368 P.2d 334, 230 Or. 13, 1962 Ore. LEXIS 262
CourtOregon Supreme Court
DecidedJanuary 24, 1962
StatusPublished
Cited by6 cases

This text of 368 P.2d 334 (Sneed v. Sneed) is published on Counsel Stack Legal Research, covering Oregon Supreme Court primary law. Counsel Stack provides free access to over 12 million legal documents including statutes, case law, regulations, and constitutions.

Bluebook
Sneed v. Sneed, 368 P.2d 334, 230 Or. 13, 1962 Ore. LEXIS 262 (Or. 1962).

Opinion

*14 SLOAN, J.

An appeal from an order declaring the child of plaintiff and defendant to have been a dependent child and committing the child to the custody of the welfare department. The order directed the department to place the child with defendant for actual care.

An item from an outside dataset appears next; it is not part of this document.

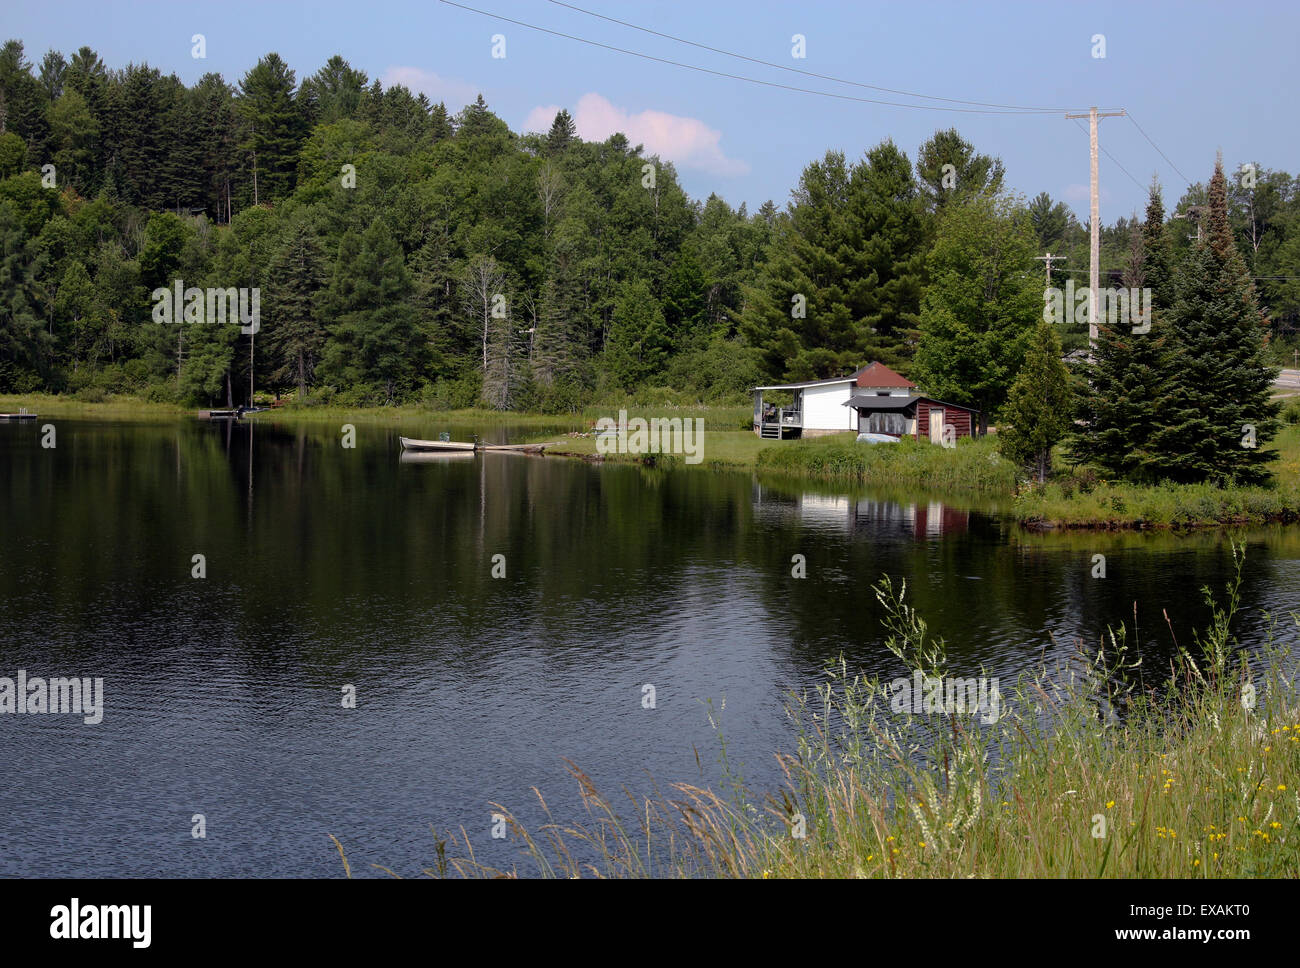 Cabaña en el lago Abanake Adirondack Adirondack Parque del Estado de Nueva York, EE.UU. US Latina. Foto de stock

On April 20, 1959, plaintiff, Beverly Sneed, now Norton, was awarded a default decree of divorce from defendant. The decree also awarded plaintiff custody of the infant son of the parties named Patrick. Although the decree awarded legal custody to plaintiff, the actual physical care and custody of the child had been with plaintiff’s mother, Mrs. Lunn. Mrs. Lunn had cared for him ever since the child was born and until the time of the hearing in this ease when the child was then about six years old. During a part of this time plaintiff lived in her mother’s home and apparently shared some of the responsibility for the care of the child. The record shows that plaintiff did little, however, to actually care for the child. For most of the child’s life plaintiff lived elsewhere and devoted little or no care to the child. For all that appears in this record Mrs. Lunn’s care of the child was good. In November, 1959, plaintiff purportedly married one Norton.

On April 13, 1959, Mrs. Lunn had filed a petition with the juvenile court seeking to have the child adjudged a' dependent child. Her reason for filing this petition was that plaintiff was so unstable that Mrs. Lunn was fearful she would attempt to remove the child from her home and that plaintiff was not capable of caring for the child. It appears from this petition that plaintiff did not then live at her mother’s home. This dependency petition also named defendant as being responsible for lack of parental care of the *15 child. Defendant, a member of the United States Air Force, was then and at all times since then has been stationed at Riverside, California.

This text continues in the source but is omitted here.